WHO Addresses Handling Of H1N1 At Council Of Europe Meeting

During a Council of Europe meeting on Tuesday to address the WHO’s handling of the H1N1 virus, the WHO said it had not “fallen under the sway of drugs firms and exaggerated the dangers of the H1N1 flu virus, but said it might have handled the crisis better,” Reuters reports. “Critics say the WHO relied too much on advice from advisers in the pay of the pharmaceutical industry, triggering an internal review by the WHO and an inquiry by the Council of Europe, a pan European human rights watchdog,” writes the news service (Reilhac, 1/26).

At the council meeting, Keiji Fukuda, special adviser on pandemic influenza to the director-general of WHO, defended the agency’s response to H1N1, pointing out that “the WHO consulted with a range of experts, including those in the private sector, but that there were safeguards in place to prevent conflicts of interest,” Deutsche Welle writes.

“These individuals are known to us and their participation in various WHO committees was looked at and we have not found anything inappropriate about what they did,” Fukuda said. “The experts out there – the ones who really understand and who have knowledge – they may work with many different groups, including with industry. That link may mean that they provide advice which is inappropriate. It may not mean that they provide advice which is inappropriate” (Foulkes, 1/27).
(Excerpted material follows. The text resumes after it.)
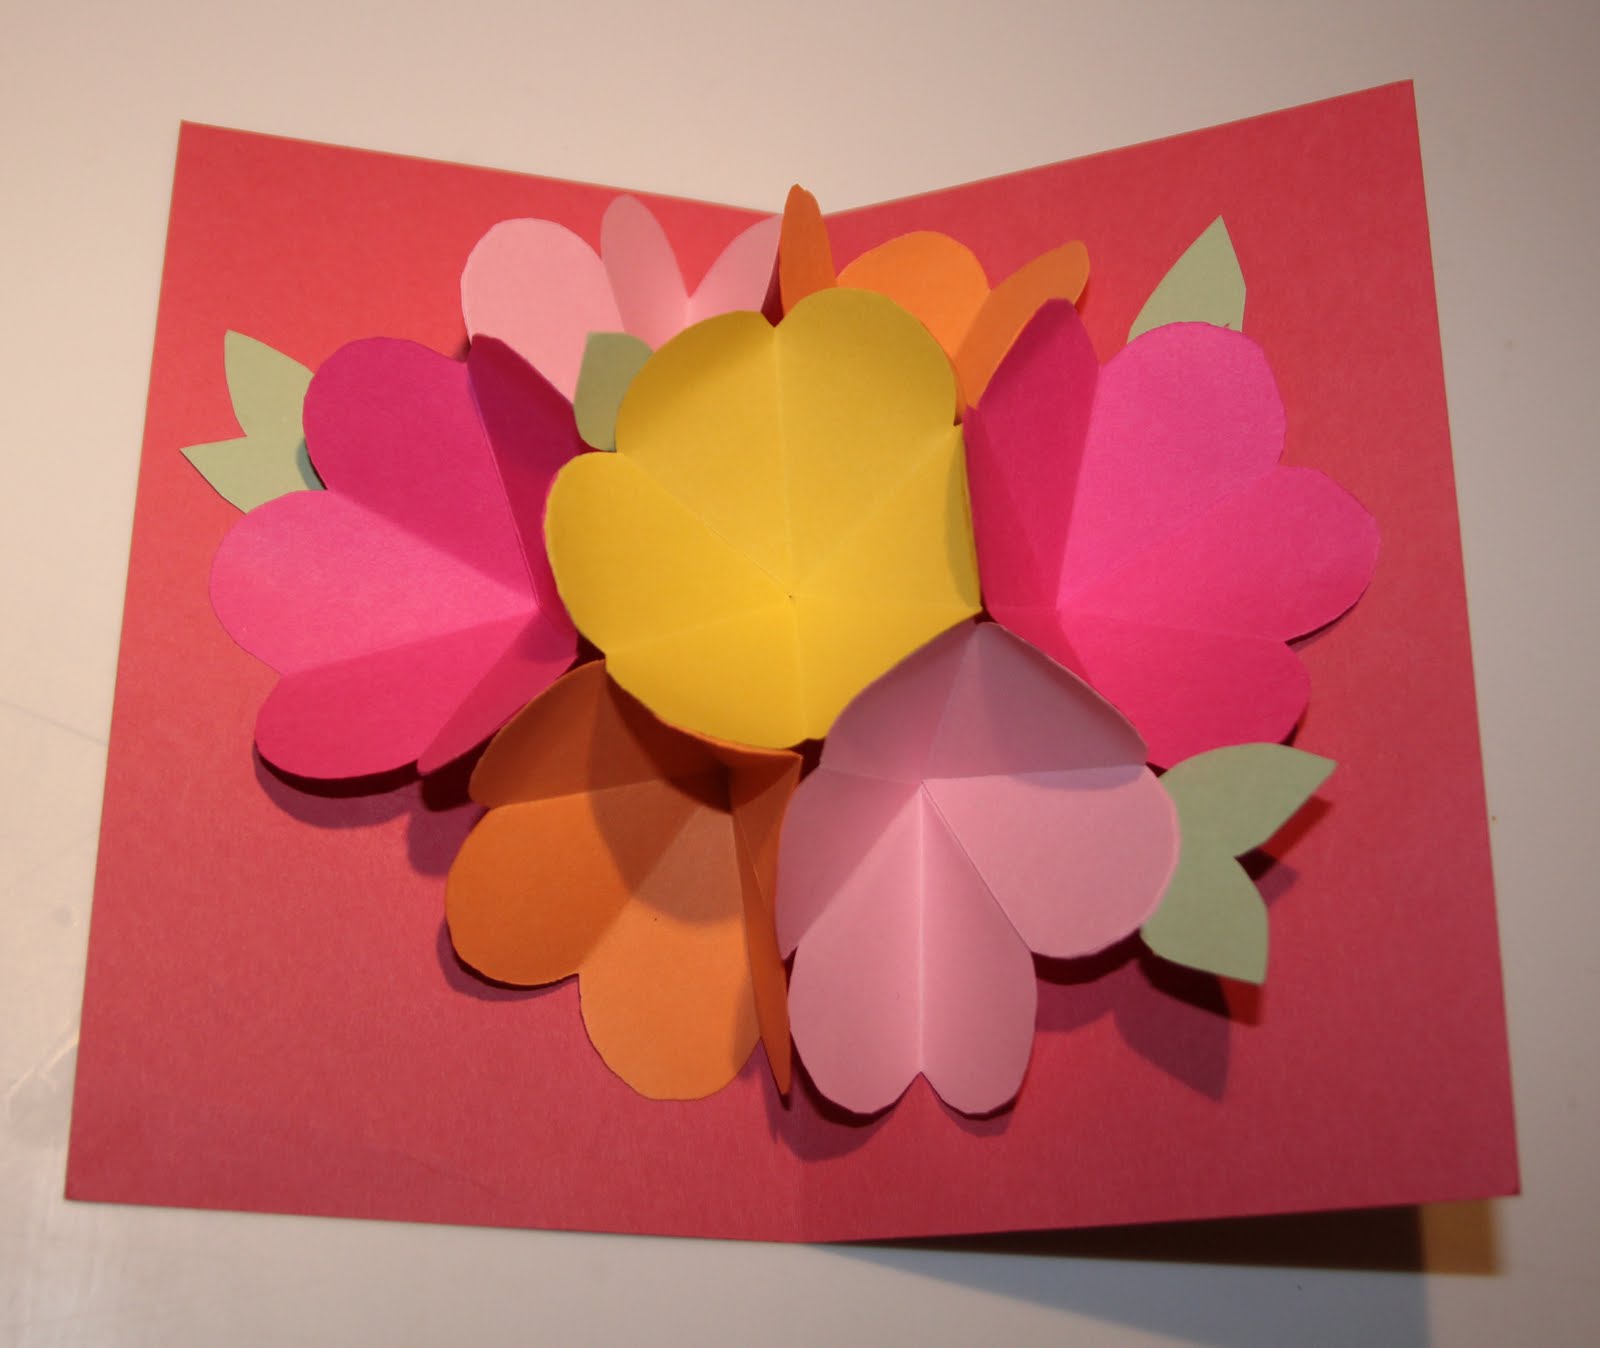 beyond-betavia-mother-s-day-pop-up-card
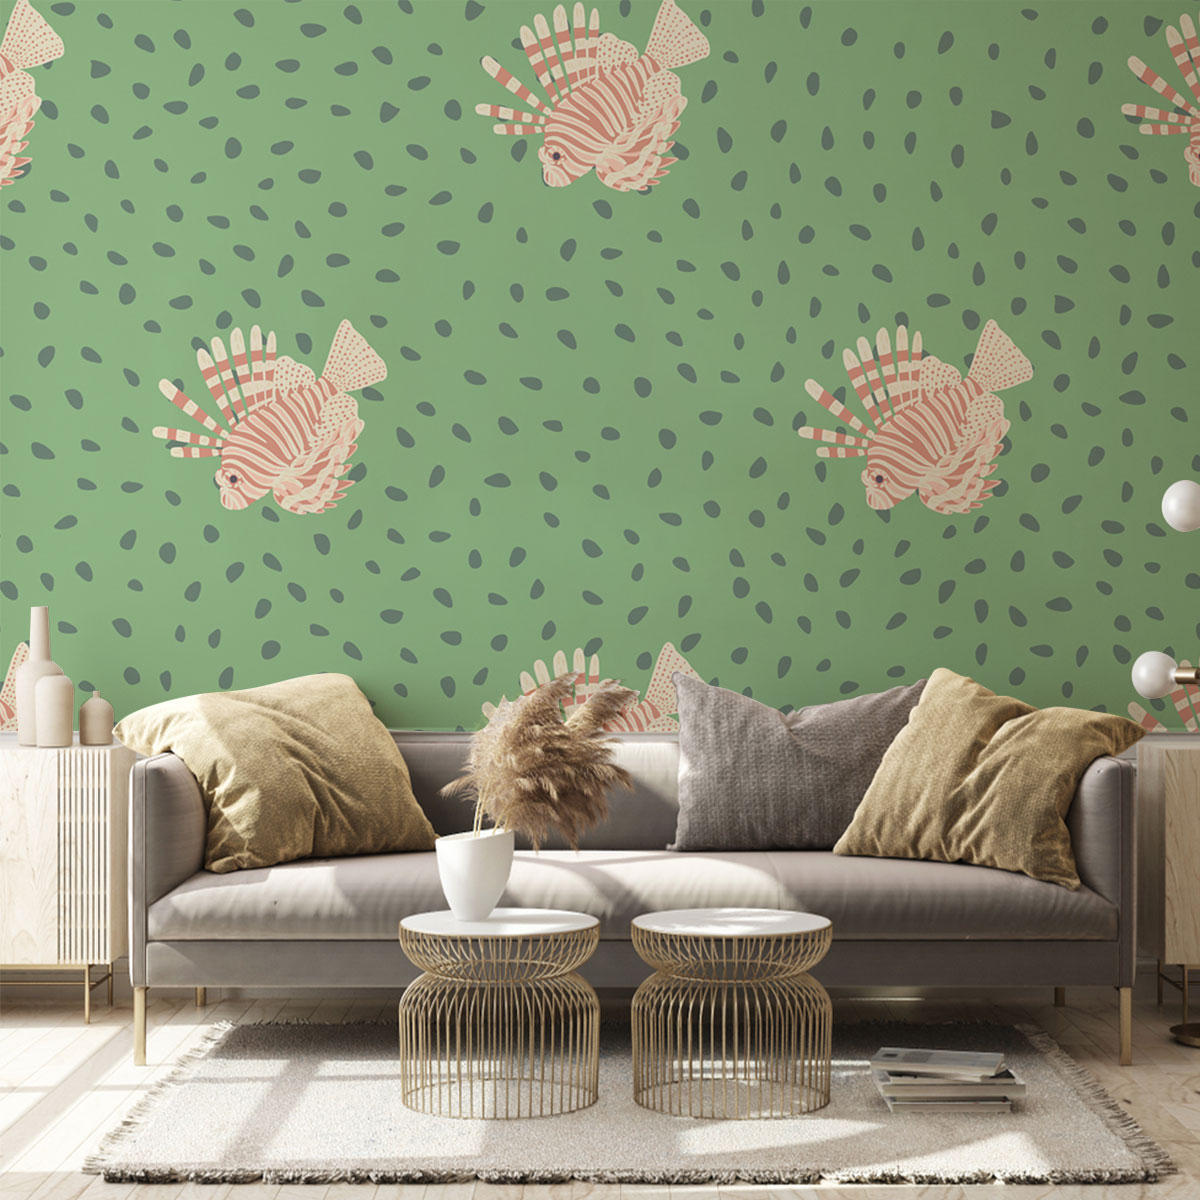 Pink Lionfish On Green Wall Mural

“We are under no illusions that this response was the perfect response,” Fukuda said during the hearing, the BBC reports. “But we do not wait until (these global virus outbreaks) have developed and we see that lots of people are dying. What we try and do is take preventive actions. If we are successful no-one will die, no-one will notice anything” (1/26).

CIDRAP reports on some of the criticisms voiced by health officials during the Council of Europe meeting and Fukuda’s assurance that the organization would work to improve transparency during the pandemic response in the future (Schnirring, 1/26).

Administration’s Response To H1N1 One Indicator U.S. Not Prepared For Biological Attack, Report Says

Also on Tuesday, “the Commission on the Prevention of Weapons of Mass Destruction Proliferation gave the Obama administration a failing grade for its efforts to prepare for and respond to a biological attack, such as the release of deadly viruses or bacteria,” pointing to U.S. efforts to provide H1N1 vaccines and treatments as one indicator that “the country is not positioned to respond to something more serious,” the Associated Press/TIME reports (Dalziel, 1/26).

CNN writes, “H1N1 came with months of warning,” according to the commission report. “But even with time to prepare, the epidemic peaked before most Americans had access to vaccine. A bioattack will come with no such warning.” CNN notes that “Congress took its lumps in the report as well” (1/26).

Novartis Chief Executive Warns Countries’ Canceling H1N1 Orders

Chairman and chief executive of the drugmaker Novartis Daniel Vasella on Tuesday warned that governments now caneling H1N1 vaccine orders would likely be treated differently in future pandemic situations, Agence France-Presse reports. “The same governments that exerted a lot of pressure on the industry (…) to deliver vaccines very quickly were the same governments that then said ‘we don’t want any more what we ordered’, once they saw they ordered too much,” Vasella said. “If you want an effective vaccine industry you have to be consequent, because the next time that there will be a pandemic – and there will be another one – the governments who have been reliable partners will be treated preferentially” (1/26).

In related news, BusinessDay/allAfrica.com reports the South African Department of Health has placed an order for 1.3 million doses of H1N1 vaccine, with the first batches scheduled to arrive as early as February. The Health Department says it will begin vaccinating people in high-priority groups in March (Kahn, 1/27).